The Texas prosecutor overseeing an investigation of former House majority leader Tom DeLay (R-Tex.) fired back yesterday at criticism by DeLay's lawyers that he brought a new indictment against the powerful legislator on Monday to fix a legal flaw in the first indictment of DeLay last week.
Travis Country District Attorney Ronnie Earle said in a written statement released late yesterday that the new indictment charging DeLay with the criminal felonies of money laundering and conspiracy to commit money laundering was based on new information that "came to the attention of the District Attorney's Office" last weekend.
The statement did not elaborate on whether the new information consisted of testimony, documents or insight, explaining that "because of the laws protecting grand jury secrecy, no other comments can be made."
But the statement was Earle's most detailed account of why the money laundering charges leveled against DeLay on Monday by one grand jury were not issued earlier, during the three-month tenure of a different grand jury that on its final day, Sept. 28, issued a lesser charge of conspiracy to violate the Texas election laws.
The backdrop for both the new and the old indictments is a long-standing ban in Texas on corporate contributions, and the fact that some of these funds were collected in Texas and sent to an arm of the Republican National Committee in Washington. The RNC several weeks later sent checks for a commensurate amount to Texas Republican candidates on a list that Earle alleges was formulated by the conspirators.
The RNC says the checks sent to Texas were drawn on a different account than the one that received the money from Texas, making the transactions legal. But Earle claims the use of the two accounts was nothing more than an illegal dodge.
Dick DeGuerin, one of DeLay's attorneys, asserted on Monday that the new money laundering charge was brought this week because Earle realized that last week's conspiracy charge rested on an erroneous interpretation of the law. He said the crime of conspiracy was not covered by the state election law at the time of the alleged violation, in late 2002.

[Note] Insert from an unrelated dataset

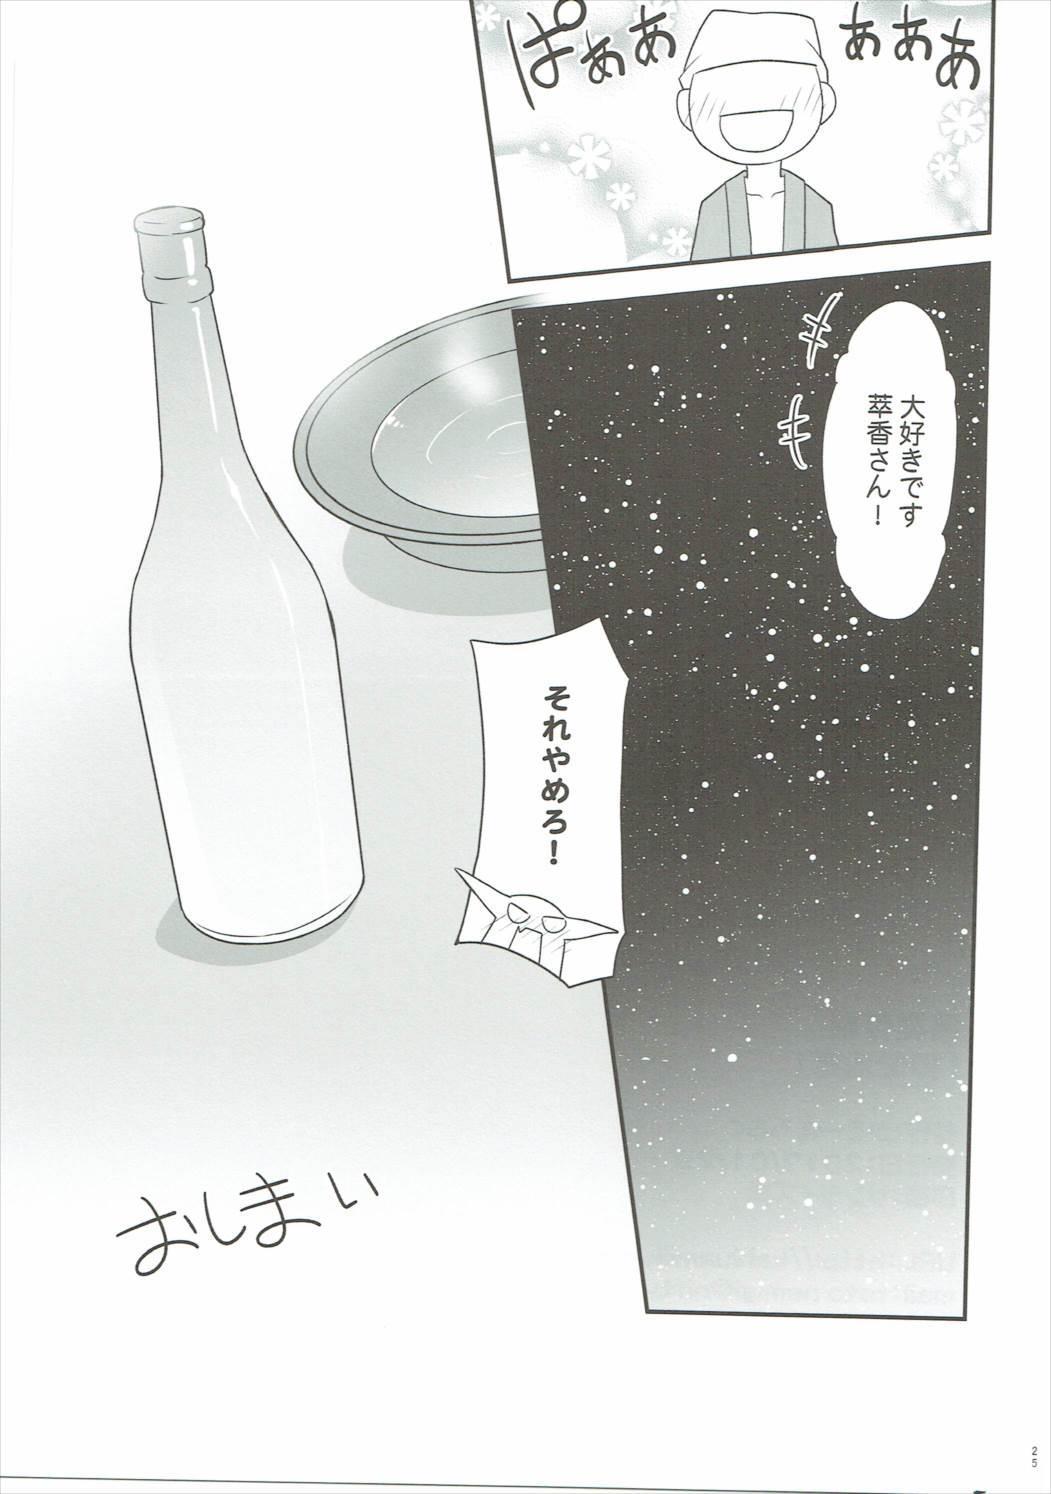 【東方 エロ漫画・エロ同人】特別な酒で力が入らなくなってるところを店員に脱がされてザーメン中出しwwwww (24)

Responding to Earle's new statement, DeGuerin said, "That is just a confabulation. What information came over the weekend? What came over the weekend is that he heard we were going to move to quash the indictment because the statute had not been written yet in 2002."
Earle said in the statement that "issues have arisen regarding that [first] indictment that will be argued in court and resolved by a judge." He also disclosed that Monday's money laundering charge was initially brought before yet another grand jury without success last week.
This third grand jury "declined to indict on the last day of its regular term," Earle said. Then his office acquired "additional information" over the weekend and succeeded in getting the indictment on Monday. There is no law in Texas barring prosecutors from presenting a case to different grand juries, DeGuerin explained.